The method of delivery of BM-MSCs may influence the healing effects observed. For instance, BM-MSCs seeded on a pullulan-collagen hydrogel scaffold accelerated healing and increased angiogenesis in a murine excisional wound model (Rustad et al. 2012). Interestingly, BM-MSCs seeded on this hydrogel expressed increased levels of VEGF and were able to differentiate into fibroblasts, endothelial cells, and pericytes, but not epithelial cells (Rustad et al. 2012). In contrast, injection of BM-MSCs after acute skin damage caused by irradiation speeds up wound healing and increases expression of growth factors such as TGF-β1 and SDF-1 in rats (Zheng et al. 2015). Lastly, one study observed increased healing rate, increased collagen fibers, increased tensile strength, and infiltration of CD68+ macrophages in mice after BM-MSCS were delivered topically via fibrin glue (Mehanna et al. 2015). Treatment of the BM-MSCs also has an effect on wound healing as BM-MSCs that undergo hypoxia pretreatment are more effective at healing in rats with diabetic hindlimb ischemia (Tong et al. 2015). Optimizing the method of delivery and the way BM-MSCs are prepared is crucial to developing effective stem cell therapies in cutaneous wound healing.
There are no clinical studies that examine the effect of BM-MSCs in treating hypertrophic scarring and keloids; however there are a couple animal studies that demonstrate the potential of BM-MSCs in reducing fibrosis. Infusion of human MSCs significantly reduced fibrosis in a dermal fibrosis mouse model through suppression of fibroblast proliferation (Wu et al. 2015). Another study showed that local injection of human MSCs prevented hypertrophic scar formation in rabbits through regulation of the anti-inflammatory protein, TSG-6, rather than modulating fibroblast activity like in the previous study. The efficacy of BM-MSCs in treating acute and complex wounds and the associated mechanisms need to be further explored.

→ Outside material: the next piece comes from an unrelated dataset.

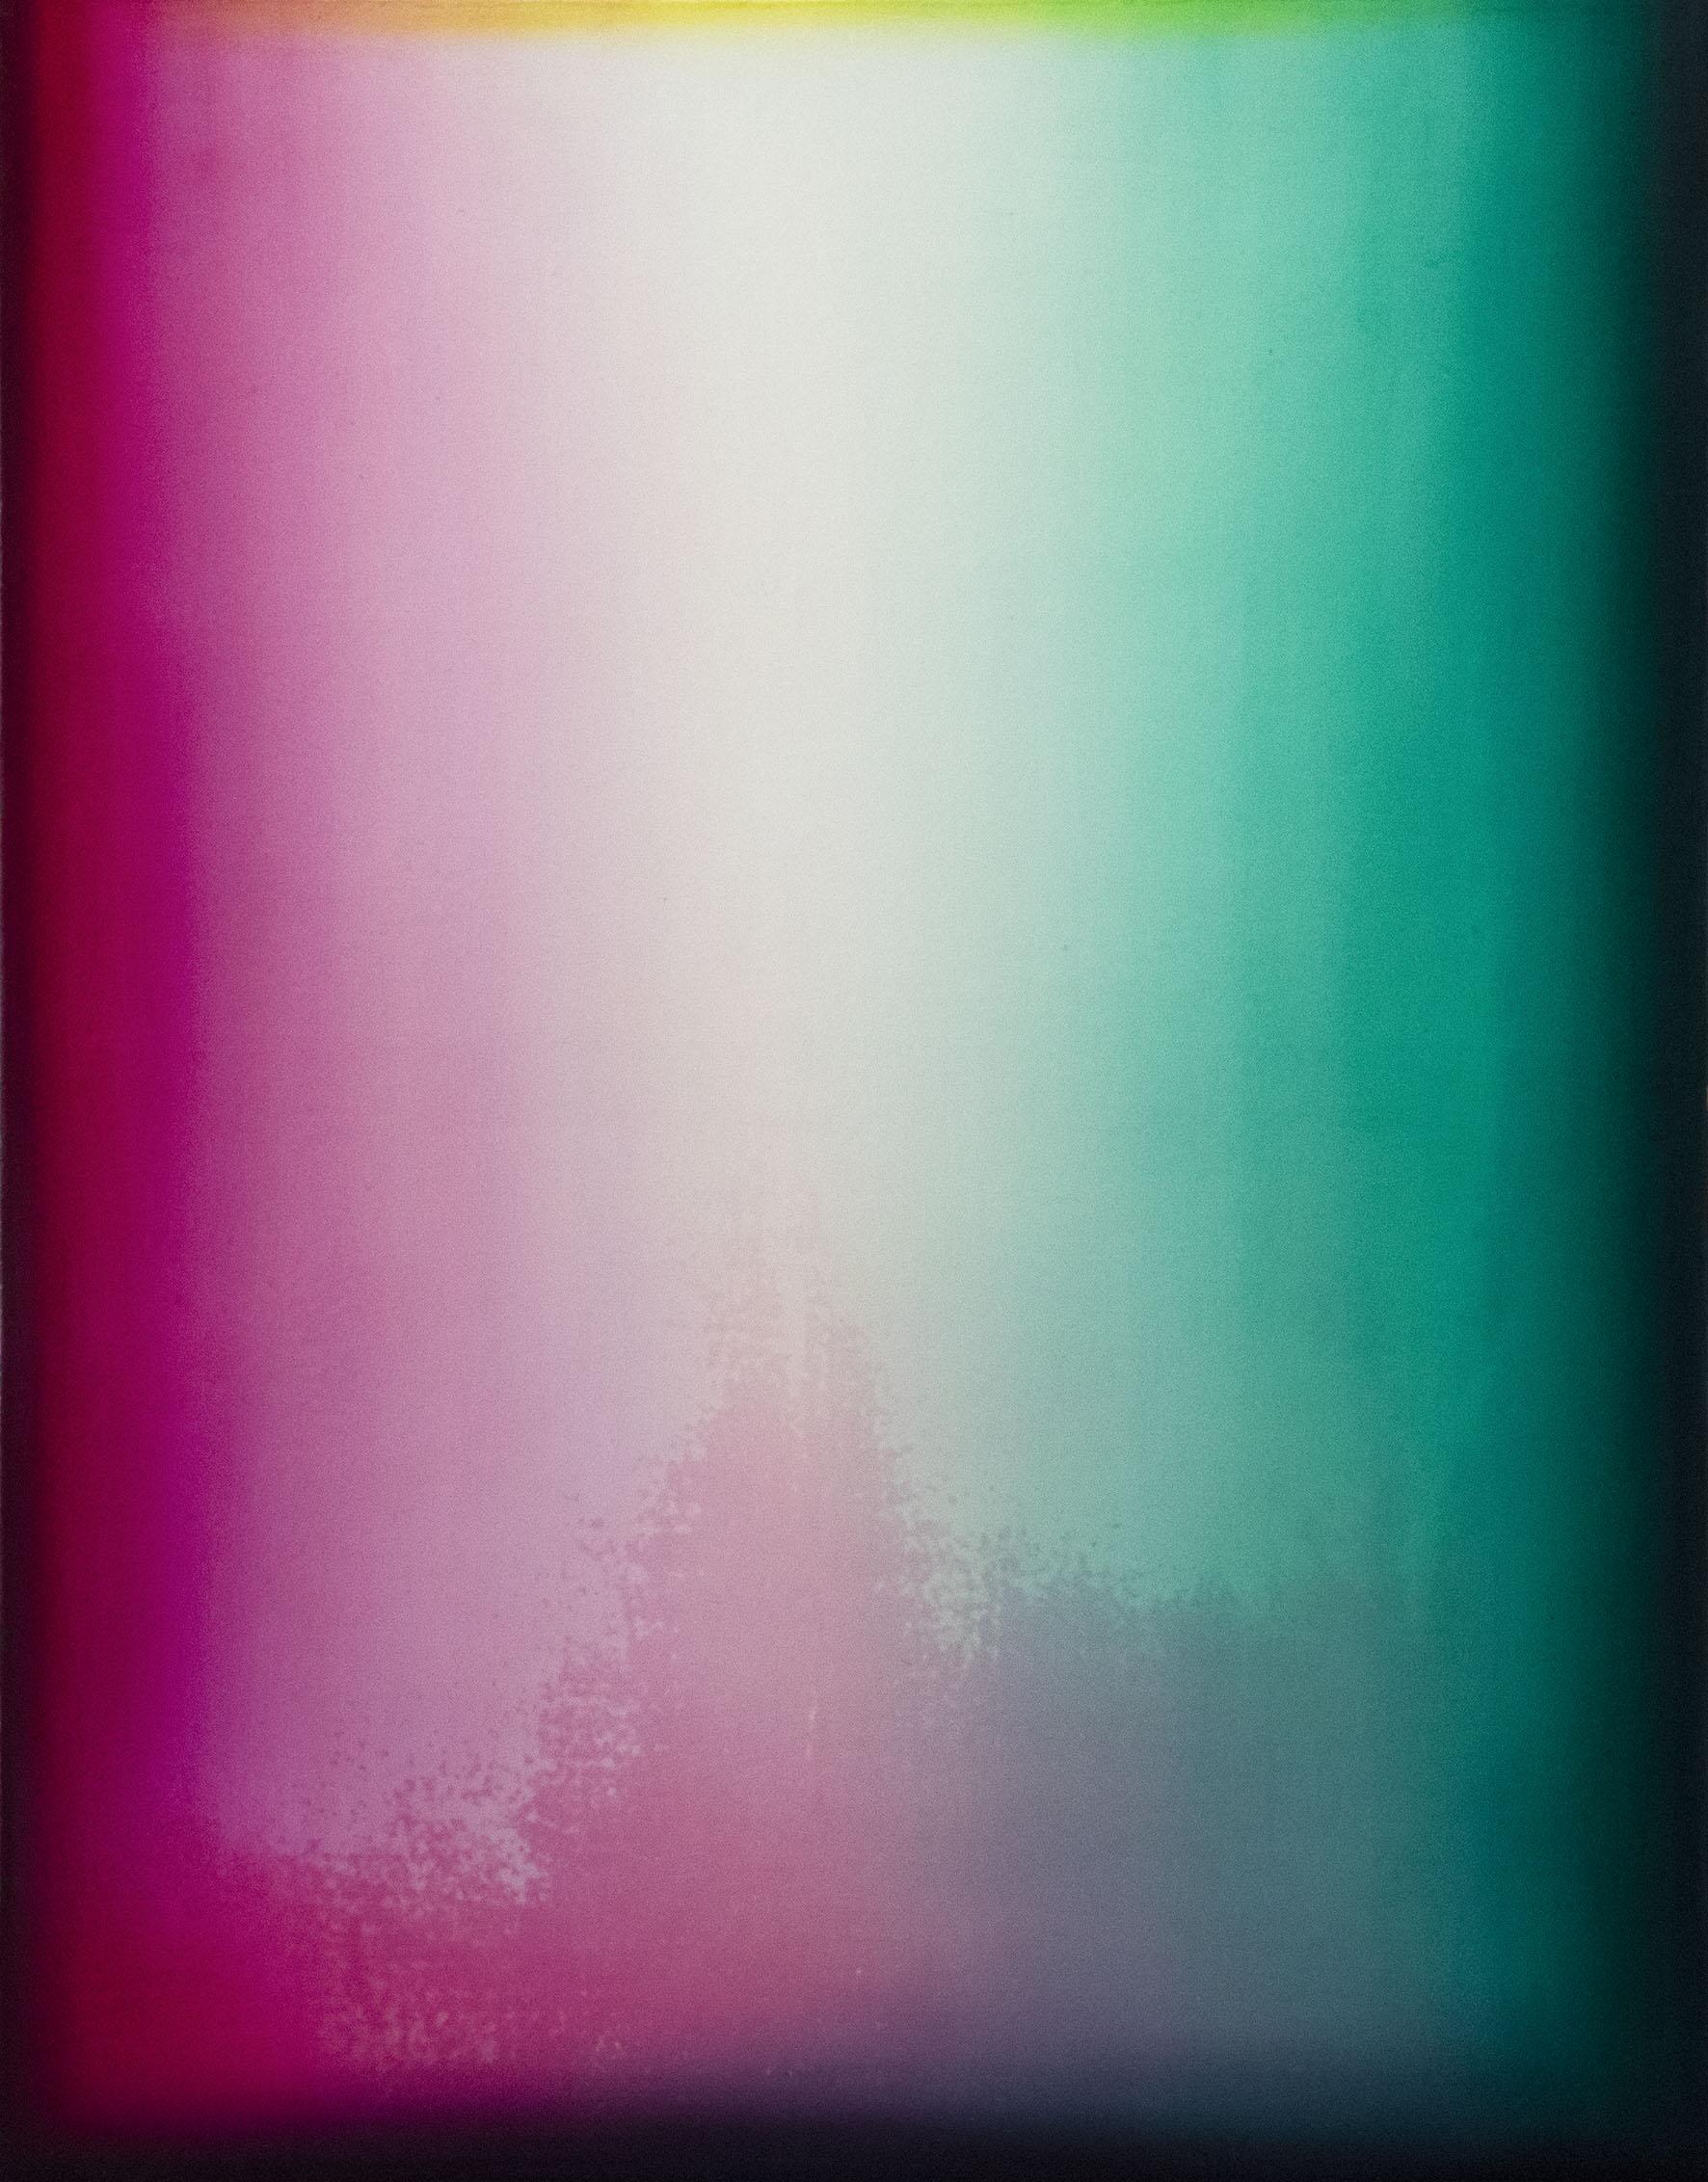 光8號 Light 8  91 x 72.5 cm 油彩畫布 Oil on Canvas 2017

5.3 Adipose-Derived Stem Cells
As mentioned earlier, harvesting BM-MSCs from patients is invasive and painful and yields relatively few cells. Adipose-derived stem cells (ASCs) have been identified as a new source of adult stem cells that appear to be promising in the field of regenerative medicine . Harvesting ASCs from adipose tissue is less invasive, less painful, and avoids the ethical and immunological concerns plaguing other stem cells (Zuk et al. 2002). Adipose tissue is also remarkable source of ASCs and can easily be isolated from a section of whole fat (biopsies) or lipoaspirate following surgery in patients (Zuk et al. 2002). For example, adipose tissue yields a 500-fold greater number of stem cells when compared to an equivalent amount of the bone marrow (Strioga et al. 2012). ASCs can differentiate into adipocytes, chondrocytes, and myogenic lineages; however one drawback is that ASCs do not offer as much plasticity as BM-MSCs (Gimble et al. 2012). Similarly to BM-MSCs, ASCs secrete a number of different cytokines and growth factors that promote wound healing (Kilroy et al. 2007). There are a couple drawbacks to ASCs however. First, the metabolic activity of ASCs (i.e., proliferation and differentiation capacity) depends on the anatomical location of the fat, age, and gender of the patient (Bailey et al. 2010). Second, it has been reported that ASCs undergo spontaneous malignant transformation after 4 months of culturing (Rubio et al. 2005); however researchers argue that this results from contamination rather than some inherent characteristic of ASCs (Garcia et al. 2010; Torsvik et al. 2010). Nevertheless, the above characteristics make ASCs an exciting alternative in the field of stem cell therapy, and a number of studies in various conditions have shown the therapeutic potential of ASCs in wound healing.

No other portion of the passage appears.